Tropes demonstrated:

  • Anthropomorphic Food: The protagonist confronts a humanoid hamburger being, and finds the notion as uncanny and creepy as such a being would be if contronted by a person in real life.
  • Apocalyptic Log: Humanity will gradually be destroyed by Burgrr unless there is a massive change, but people unaffected by its brainwashing who could offer resistance seem vanishingly rare as far as the protagonist can tell. So the journal is more about the protagonist trying to maintain their sanity than to get the word out.
  • Black Comedy: The outlook for humanity in the story is bleak, but the nature of it so bizarre all the reader can do is chuckle. Even the protagonist snarks about it when describing situations of mortal danger.

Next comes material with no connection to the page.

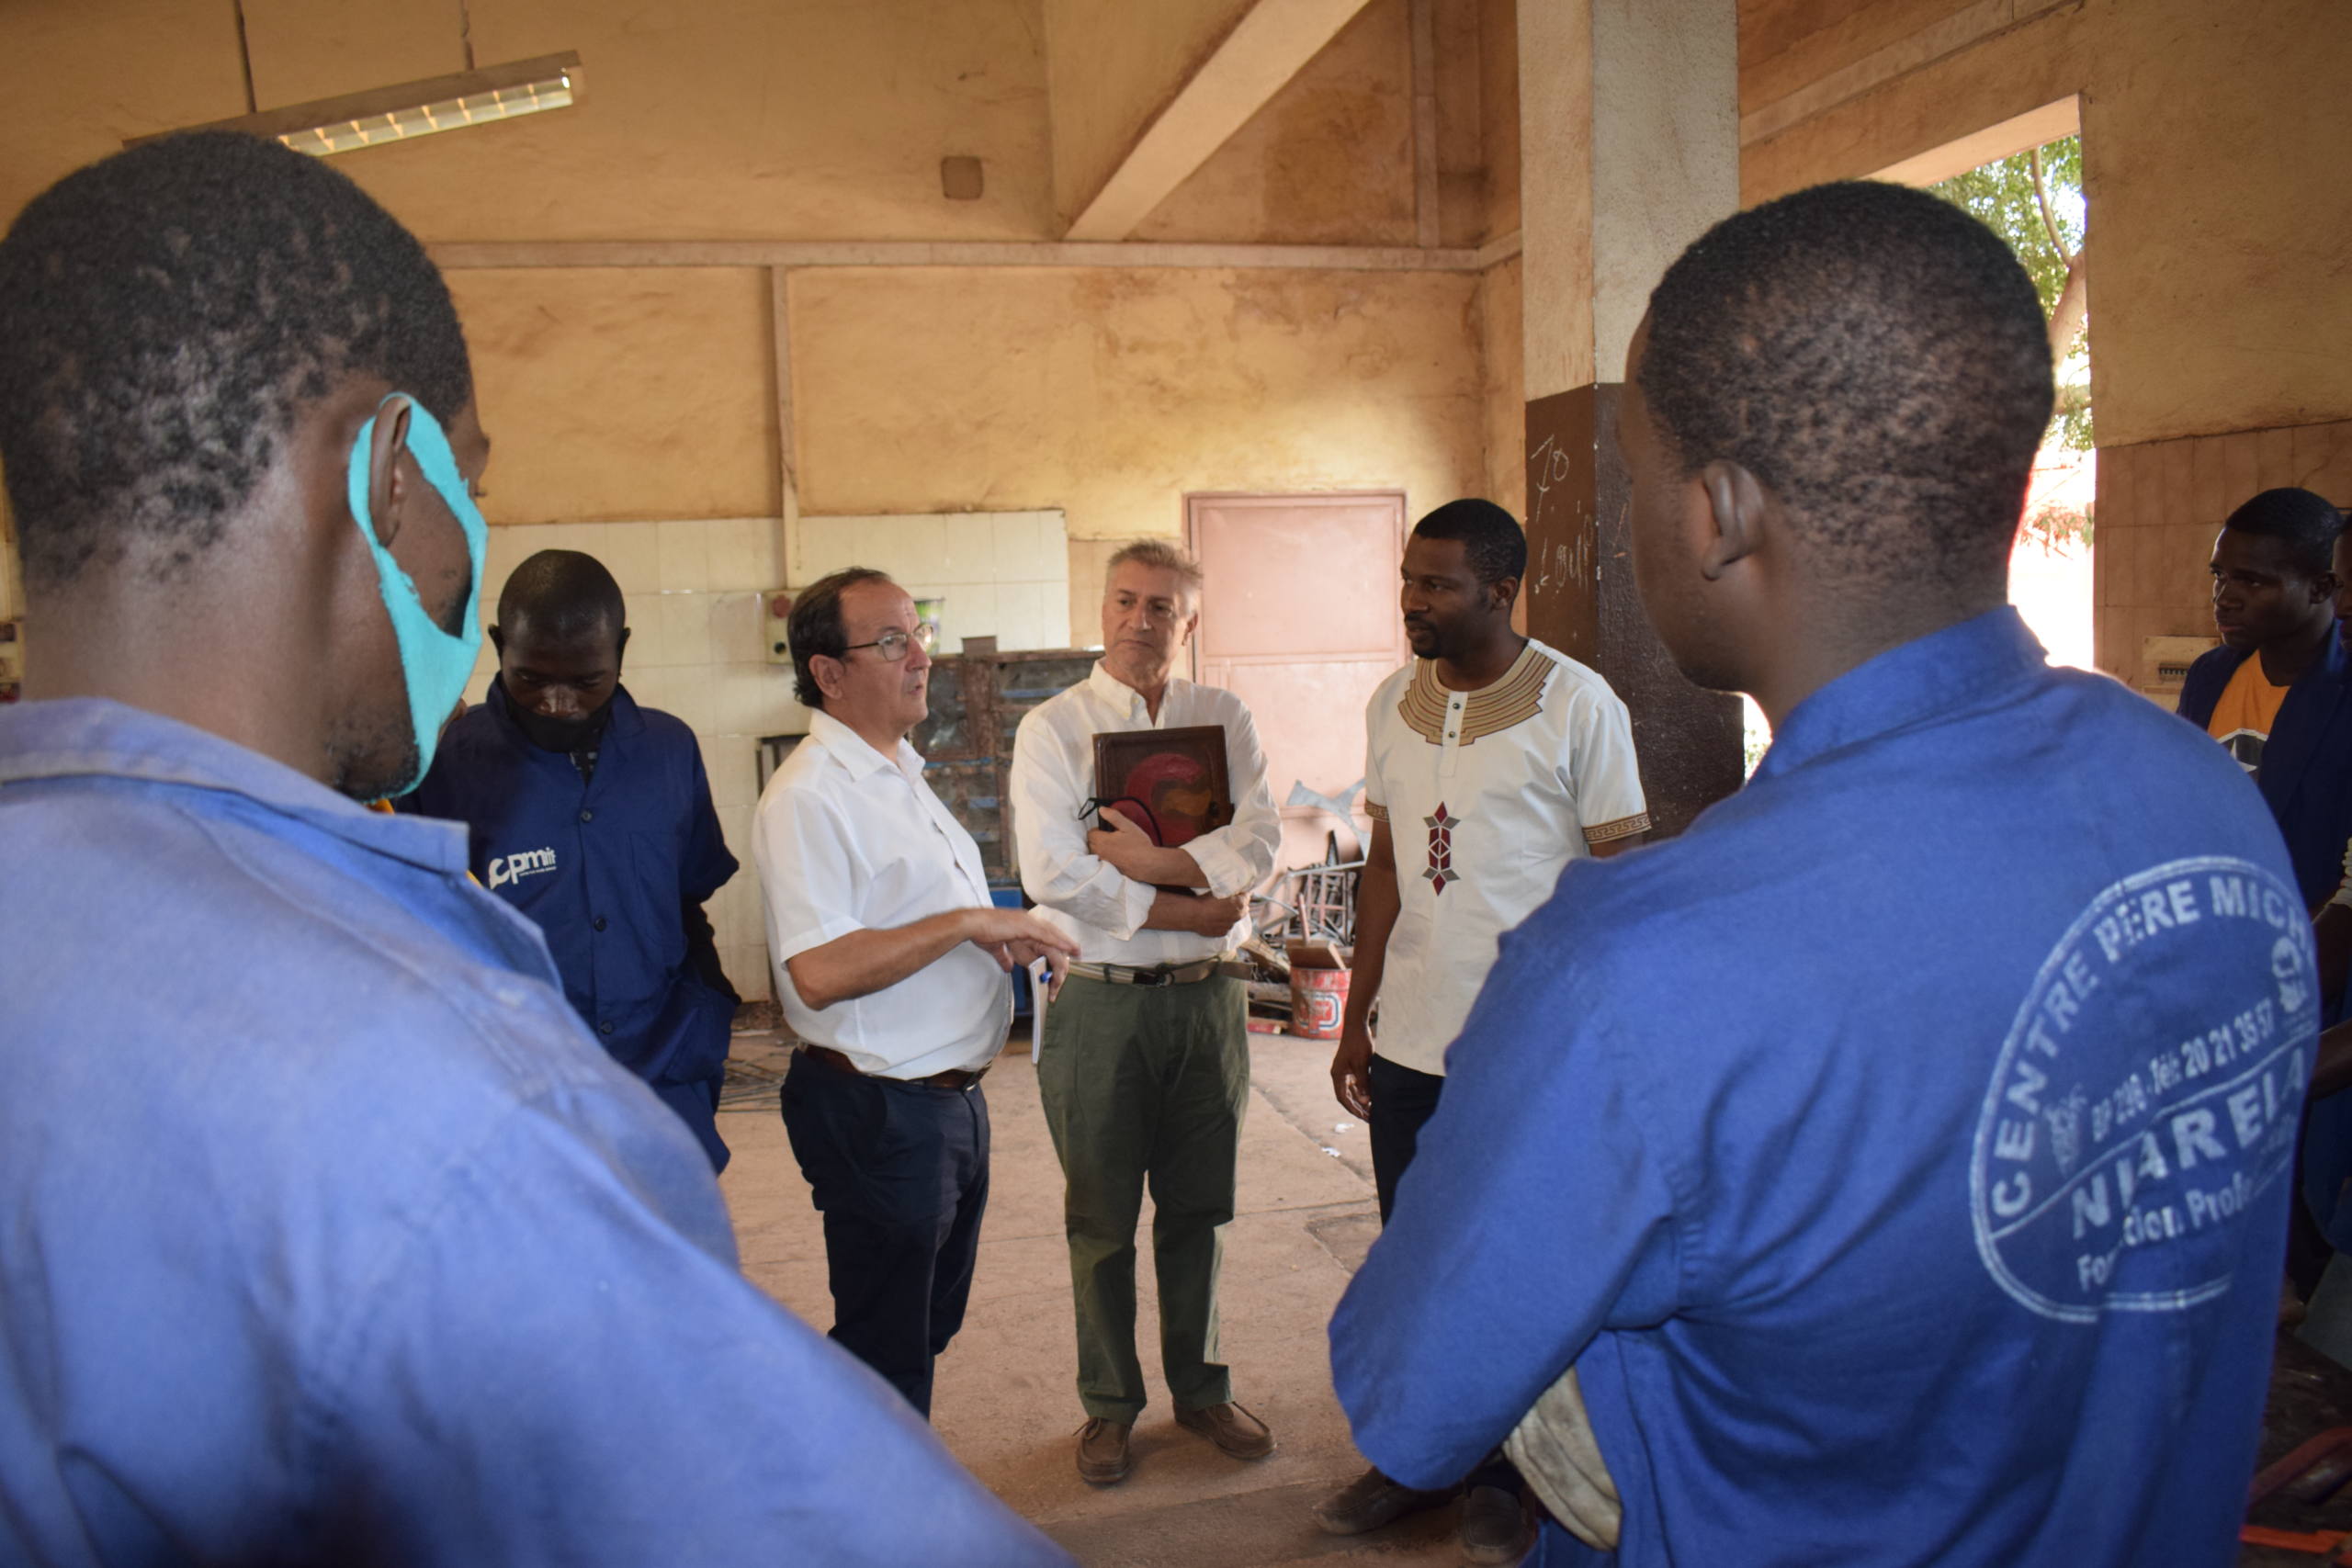 Visita del coordinador general de la Cooperación Española en Malí al Centro  Père Michel de Bamako

  • Blue-and-Orange Morality: Whatever force is behind Burgrr seems to be so alien that it's hard to tell if its acting out of malice. While its actions are overriding people's free will and killing them, it's hard to tell what the motive is, if there is one. When the protagonist crosses over into their world, the entities he confronts are initially willing to deal amicably with him (though this is potentially them being Faux Affably Evil). There's also no observable sense of hierarchy to the aliens and little sense of rhyme or reason to what the aliens have to do with each other.
  • Downer Ending: The protagonist succumbs to the same brainwashed behavior patterns everyone else has, as shown by him enjoying Burgrr-altered food to a point where he likes eating a steak he found in an incongruent place because it screams. Not just Downer Ending, but downer the hatch, as it were.
  • Egg Folk: Eating enough Burgrr food turns people into these.
  • Elective Broken Language: Because whatever forces that function behind Burgrr are so dissimilar to humans, their attempts at slogans and other communication include nonsense statements like "IT CAN DREAM A GREAT FLAVOR!" or the caption text in the thumbnail image.
  • Hope Spot: Late in the story the protagonist has his first violent confrontation with entities that seem associated with Burgrr and is able to kill them with a shovel with relative ease. It gives him confidence that Burgrr will be beatable, and that he'll be a hero with a significant role to play in besting them. Then he confronts something that seems much less vulnerable to a shovel. Then It Got Worse.
  • Squick: Early in the story Burgrr causes people to ravenously eat or even fight over food that normally would be considered revolting. It only gets worse from there. Many readers have commented that the story put them off meat for awhile.
  • The Stoic: The protagonist doesn't seem to particularly care about humanity succumbing to a bizarre alien influence, so much as just feel detached curiosity that he investigates. This could more be just feeling jaded from an inability described early in the story to get any authorities or other people in general to even acknowledge the bizarreness of Burgrr.